6. Translation version

1. Brief introduction

  • The previously summarized ViT backbone itself does not design a suitable structure for intensive predictive tasks such as segmentation and detection in vision.
    Subsequent papers such as SERT simply used VIT as an Encoder, and the single-scale features extracted by it were processed by some simple Decoders to verify the effect of Transformer on semantic segmentation tasks.
    However, we know that multi-scale features are very important in semantic segmentation tasks, so a vision transformer backbone that can extract multi-scale features is proposed in PVT
    .
    insert image description here

2. Main work

2.1 Problems left by ViT

The structure of ViT is as follows, it is the same columnar structure as the original Transformer. This means,
1) The feature map output by ViT lacking multi-scale features is basically the same size as the input.
This causes ViT to only output single-scale features when it is used as an Encoder.
It can only output 16-stride or 32-stride feature maps in the whole process;
2) The calculation cost increases sharply.
Once the resolution of the input image is slightly larger, the memory usage will be very high or even the memory will overflow.
Compared with classification tasks, segmentation and detection often require larger resolution image inputs.

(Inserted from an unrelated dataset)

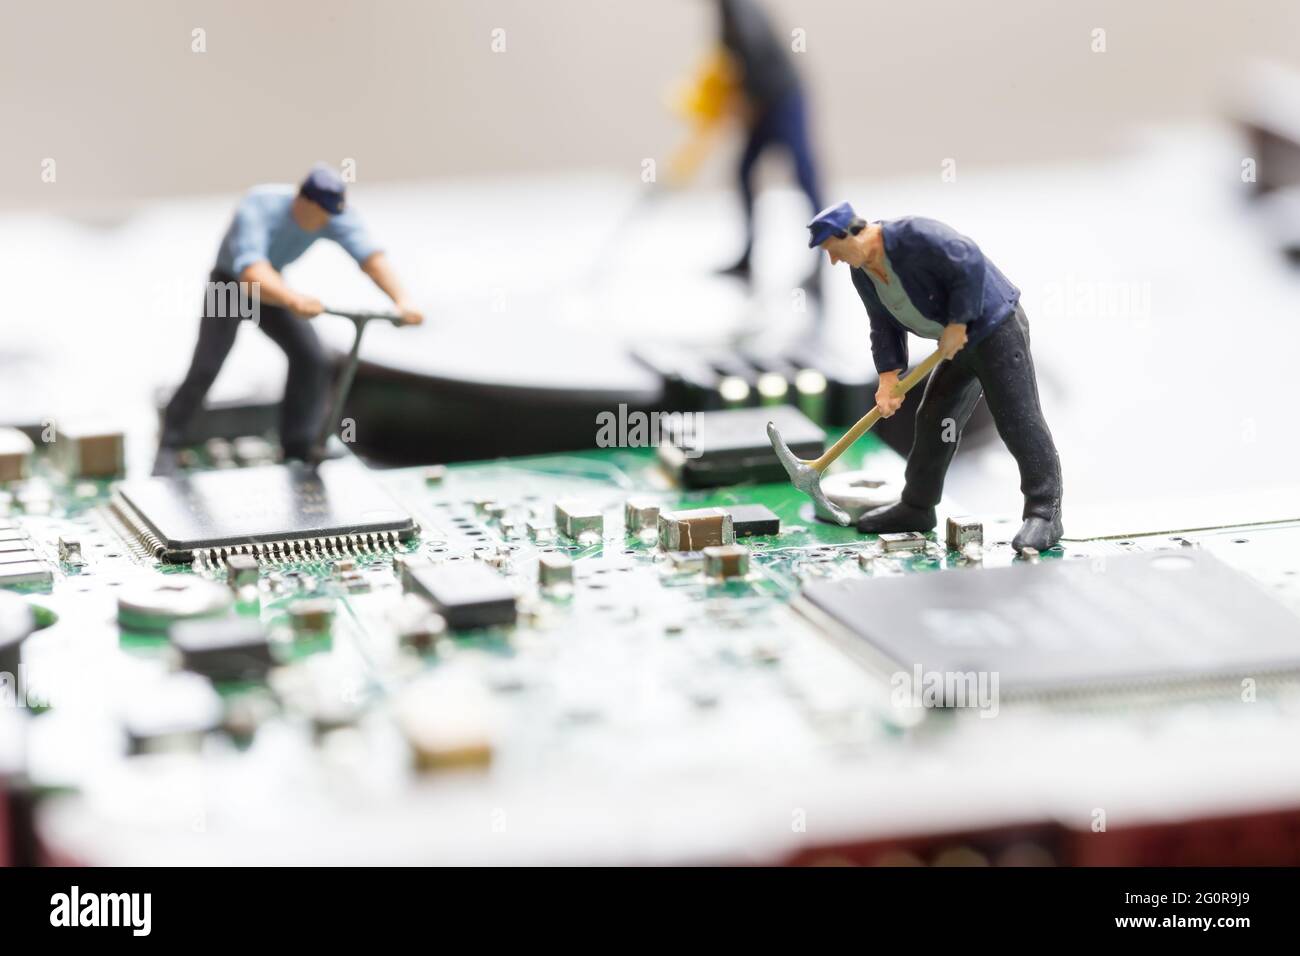 workers repairing circuit board Stock Photo

Therefore, on the one hand, we need to divide more patches
than classification tasks to obtain features of the same granularity . If the same number of patches is still maintained, the granularity of the features will become coarser, resulting in performance degradation. On the other hand, we know that the computational overhead of Transformer is positively correlated with the number of tokenized patches. The larger the number of patches, the higher the computational overhead. big . Therefore, if we increase the number of patches, it may make our already poor computing resources worse. The above is the first flaw of ViT applied to dense prediction tasks.

The solution
is simple and rude:

  • If the output resolution is not enough, increase it;
  • The patch token sequence is too long, resulting in a large amount of calculation for the attention matrix, so the length of the overall sequence can be reduced in a targeted manner, or only the length of k and v can be reduced (as shown in the figure below).

2.2 Introduce pyramid structure

After years of development, the CNN backbone in computer vision has precipitated some general design patterns.
The most typical is the pyramid structure.
A simple summary is:

1) The resolution of the feature map gradually decreases as the network deepens ;

2) The number of channels of the feature map gradually increases as the network deepens .
Almost all dense prediction algorithms are designed around feature pyramids

How can this structure be introduced into Transformer?
In the end, it was found that simply stacking multiple independent Transformer encoders works best.
Then we get the PVT, as shown in the figure below. In each Stage, the resolution of the input is gradually reduced by Patch Embedding .

Among them, in addition to the pyramid structure. In order to process high-resolution (4-stride or 8-stride) feature maps at a lower cost , we have also made some adjustments to Multi-Head Attention.
insert image description here
In order to reduce the amount of computation while ensuring the resolution of the feature map and the global receptive field , we reduce the length and width of the key (K) and value (V) to 1/R_i respectively. In this way, we can process 4-stride and 8-stride feature maps at a small cost.

3. Design scheme of PVT

The model is generally composed of 4 stages for generating features of different scales, and each stage consists of Patch Embedding and several Transformer modules (which have been changed compared to the original transformer).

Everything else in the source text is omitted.